Anon (13) writes that “Five impeached Hanged themselves because they would not stand Trial.” Two words (impeached and trial) stand out in Anon’s statement. Impeachment refers to the process of filing legal proceedings against public officials to be removed from office after committing some offence. Trial refers to an appearance at the judicial court. The British government used the mentioned mechanisms for taming rebellion in the colonies. Any rebel would be stripped of leadership roles, subjected to a trial, and charged in a court of law based on the offence(s) committed. Thus, even though Britain was a long way from the Caribbean colonies, the British order always prevailed.

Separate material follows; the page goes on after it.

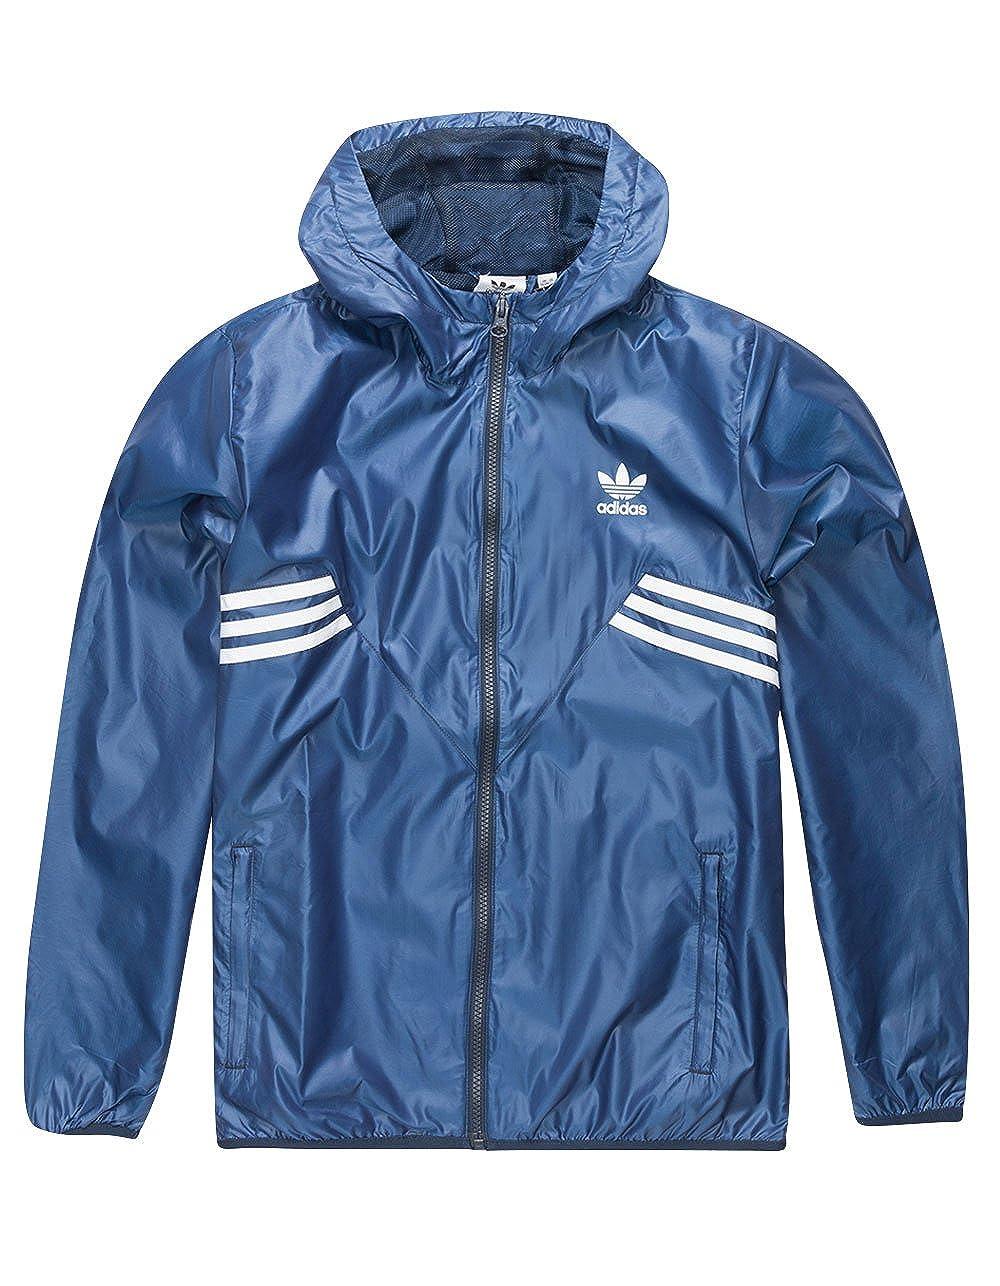 0676ea85605 Top 10 wholesale Adidas Zip Up Windbreaker. Wholesale clothing
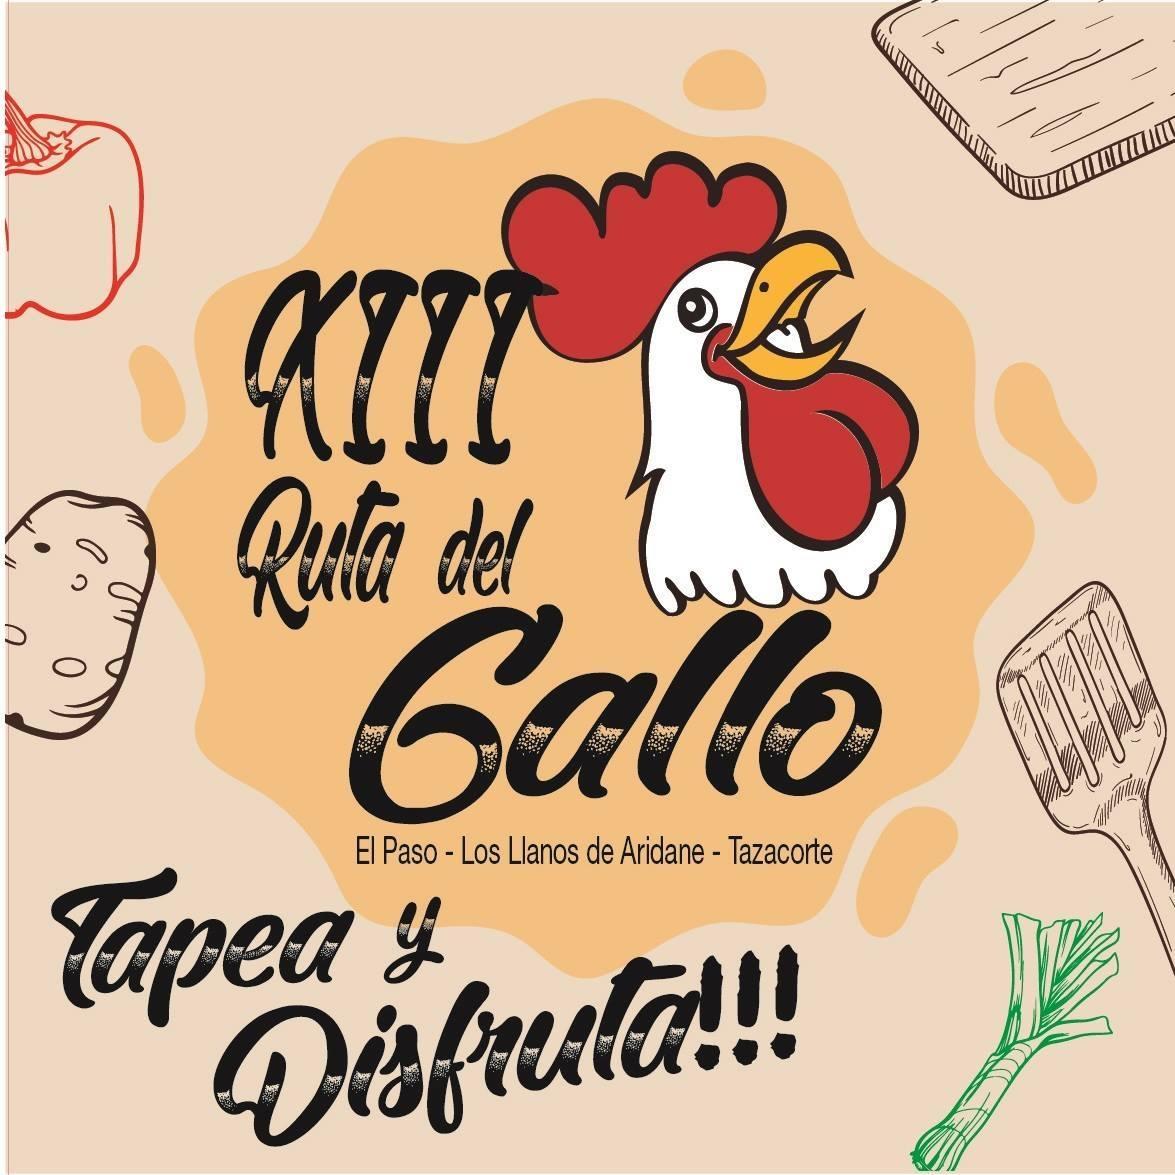 Visit La Palma - Ruta del Gallo

The article further describes that “…compasses that bay, in which there is constantly mounted 40 guns, whose warm mouths spoke Terrour to De Ruyter in his Attempt on that Island in the Year 1664…” (Anon 7). In both the colonial times and the present, wars are worn by the superiority of nations’ militaries. In this case, Britain boasts of a more advanced and equipped army compared to its colonies. The powerful weapons inflicted fear in the Caribbean folk and promoted respect for the colonial master. As such, the colonized look up to Britain and wish to advance to her level. To do so, they live and act as the colonizer hence preserving the British order.
- A.B. A Brief Relation of the Beginning and Ending of the Troubles of the Barbados. British Library, 1653, pp. 1-10.
- Adis, Henry. A Letter Sent from Syrranam. Henry E. Huntington Library and Art Gallery, 1664, pp. 3-7.
- Anon. Great Newes from The Barbados. Henry E. Huntington Library and Art Gallery, 1676, pp. 3-10.
- Nanton, Philip. “Migration Dynamics: Great Britain and The Caribbean”. State University Of New York, vol. 22, no. 4, 1999, pp. 449-469.